Met de [MODE]-toets kan een modus worden geselecteerd, zoals hieronder staat beschreven.
Belangrijk!
De volgende beschrijving is een algemene beschrijving van de modi van de wetenschappelijke rekenmachine. Het kan zijn dat niet alle modi die hier worden beschreven op uw rekenmachine beschikbaar zijn.
1) Berekeningsmodi Voordat u een berekening gaat uitvoeren, moet u eerst de desbetreffende berekeningsmodus selecteren.
SD: statistische berekeningen met één variabele
(voorbeeld standaarddeviatie, enzovoort)
LR of REG: statistische berekeningen met gekoppelde variabele
(lineaire regressie statistische berekeningen, enzovoort)

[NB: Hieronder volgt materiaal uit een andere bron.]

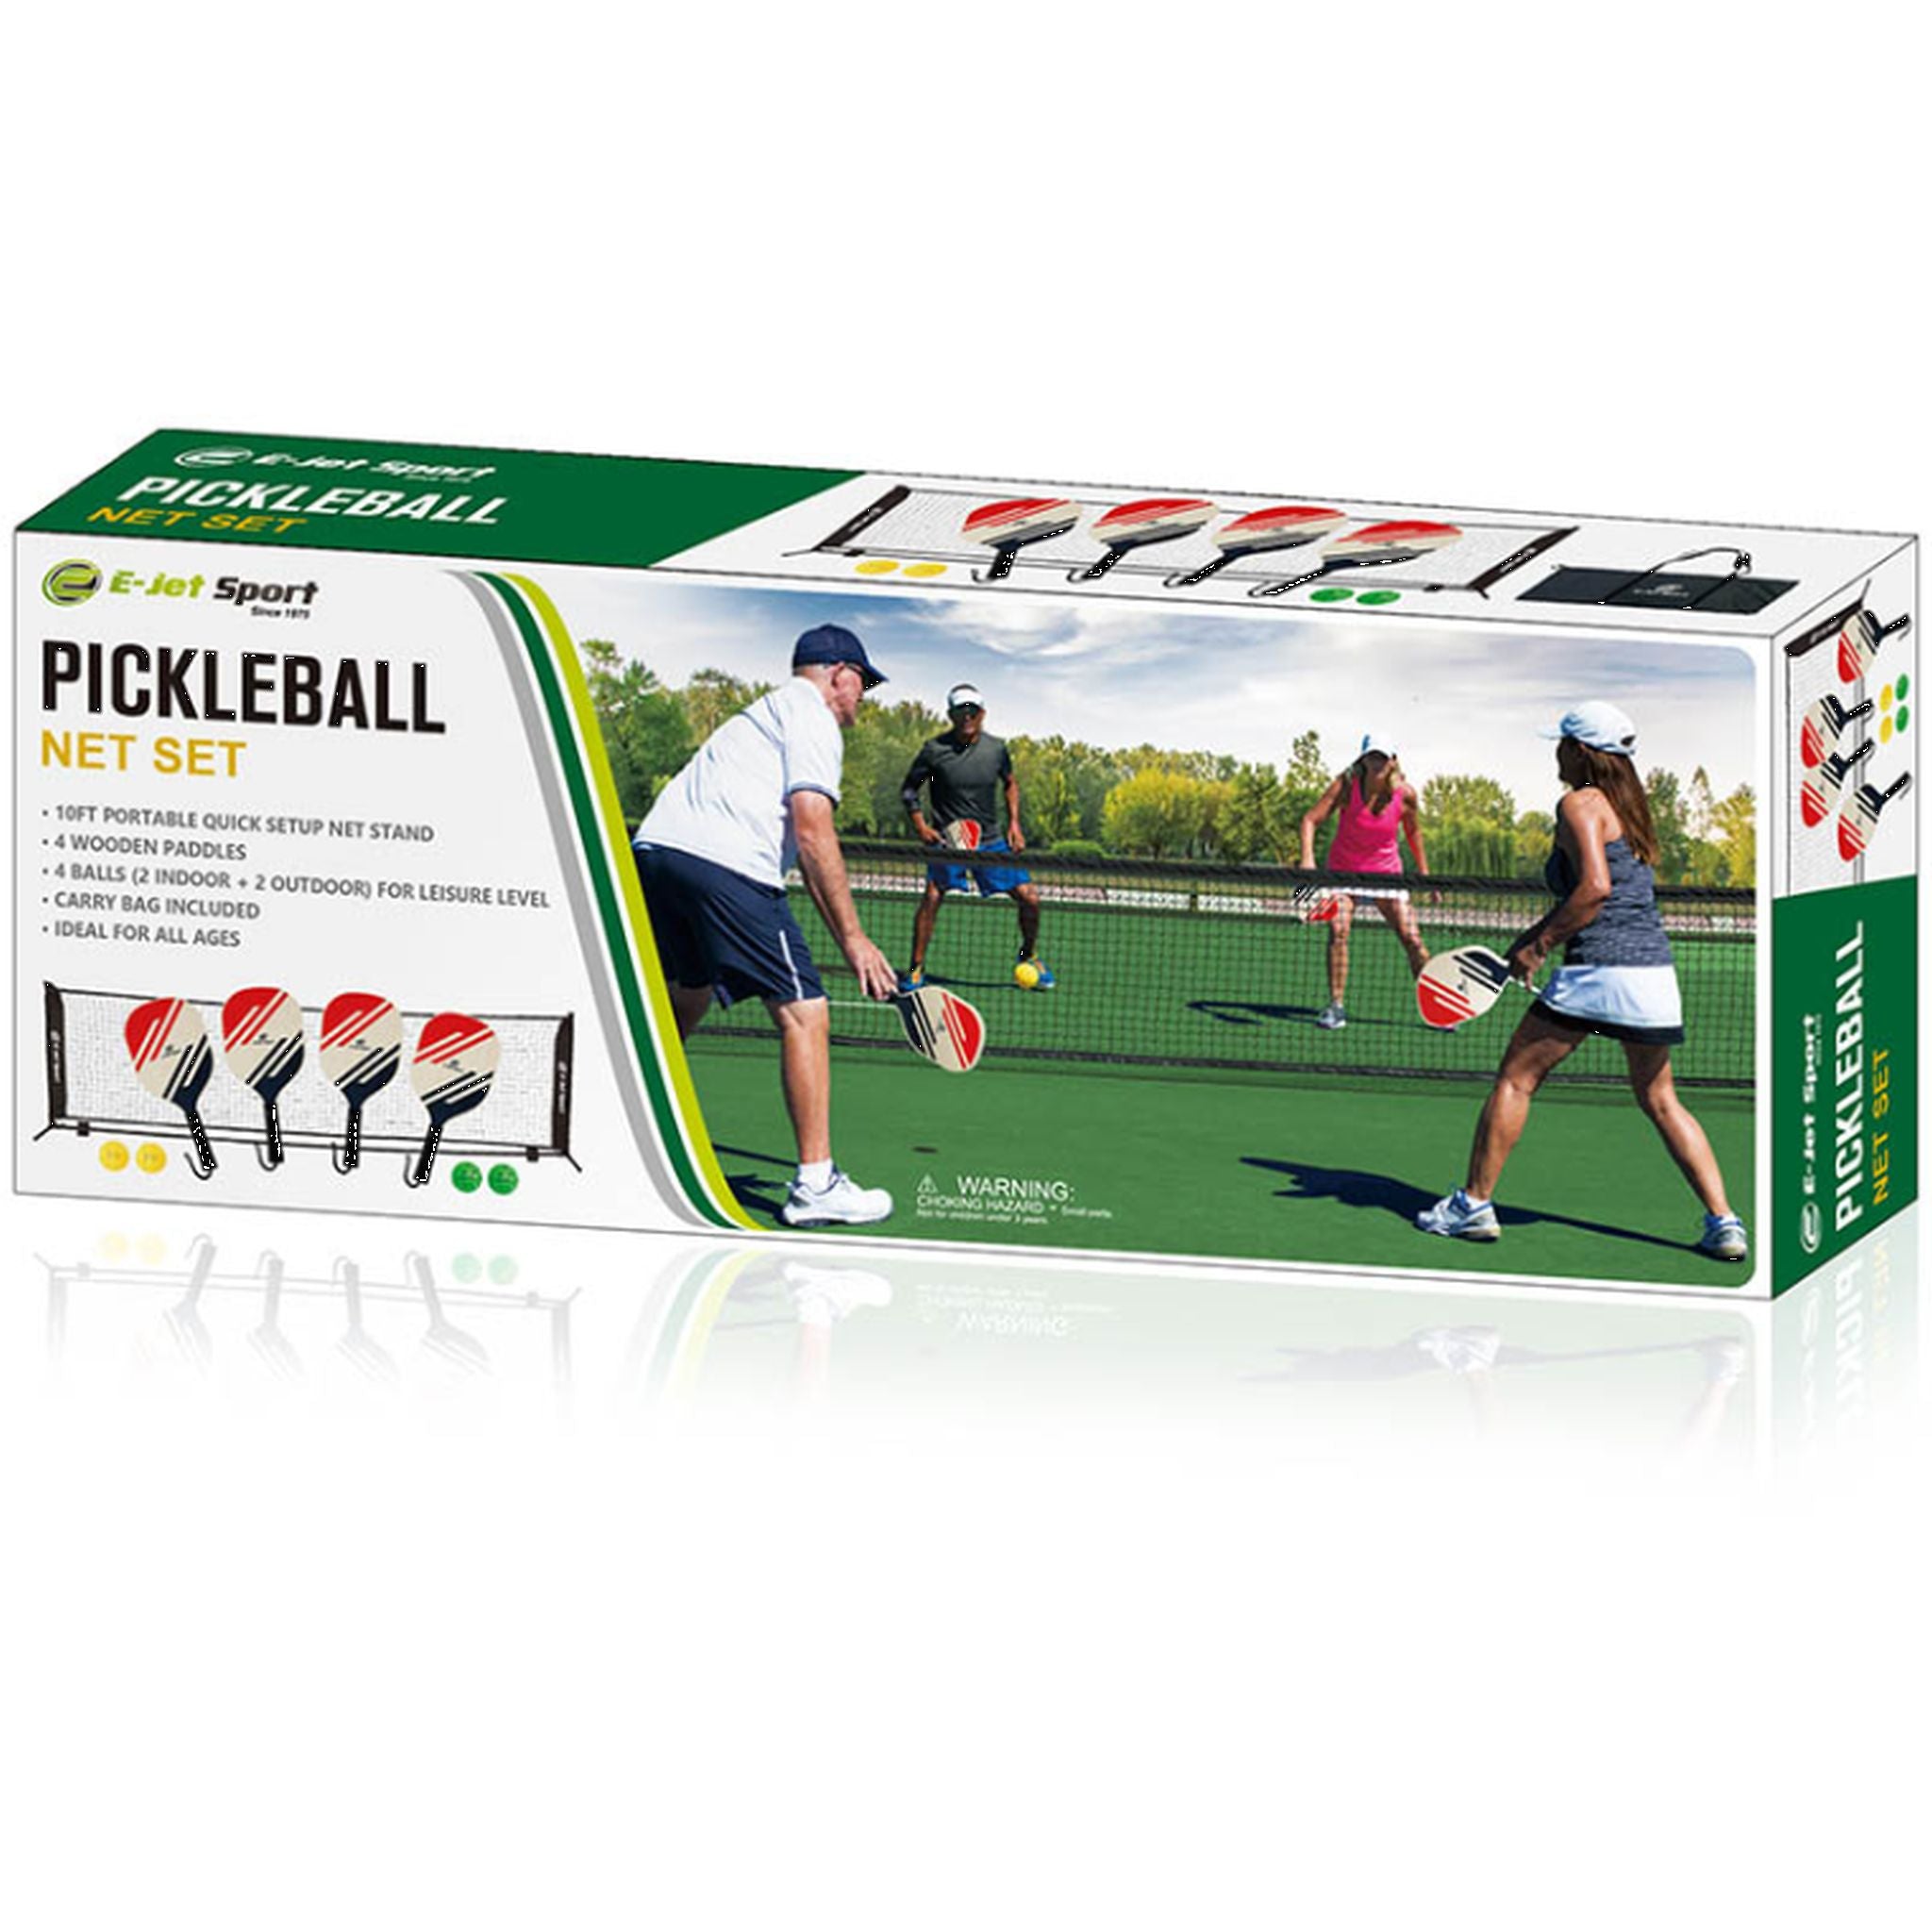 EJET Pickleball 4 Player Set with Net

BASE of BASE-n: berekeningen in het binaire, octale, decimale, hexadecimale getalsysteem
MAT of MATRIX: matrixberekeningen (determinanten, enzovoort)

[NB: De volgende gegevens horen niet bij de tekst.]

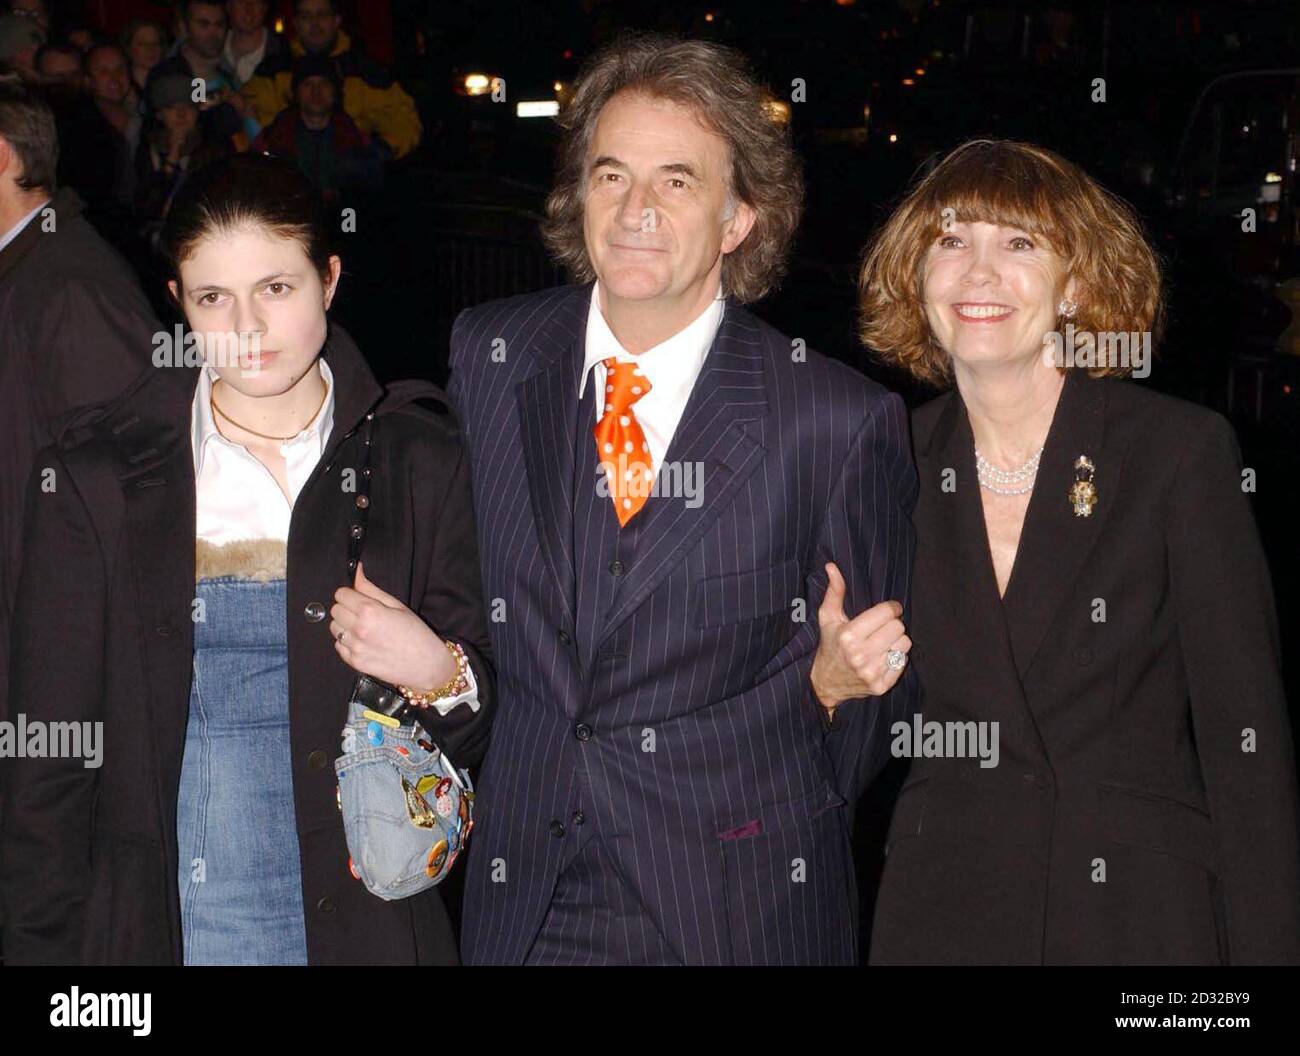 Fashion designer Sir Paul Smith with his wife Pauline arrives at the  National Portrait Gallery in London for a private party to celebrate the  launch of an exhibition of celebrity portraiture by

VCT of VECTOR: vectorberekeningen
EQN: vergelijkingen tot de n-de graad, gelijktijdige vergelijkingen
TABLE: genereren van een getaltabel op basis van een of twee functies
2) Weergave-instellingen
Met deze instellingen kunt u opgeven hoe de resultaten van berekeningen worden weergegeven.
Het wijzigen van de Fix- en Sci-instellingen heeft geen effect op de resultaten van interne berekeningen.
Norm: exponentieel weergaveformaat en annuleert de geconfigureerde Fix- en Sci-instellingen.
Fix: specificeert een vast aantal cijfers achter de decimale komma.
Sci: specificeert een vast aantal significante cijfers.
3) Instelling van de hoekeenheid
(90°=π/2 radialen=100 gradiënten)
Deg: Degree (Graden)
Rad: Radian (Radialen)
Gra: Grads (Gradiënten)
4) Engineering-modus
Gebruik deze modus wanneer u met behulp van ingenieursymbolen berekeningen wilt invoeren en uitvoeren.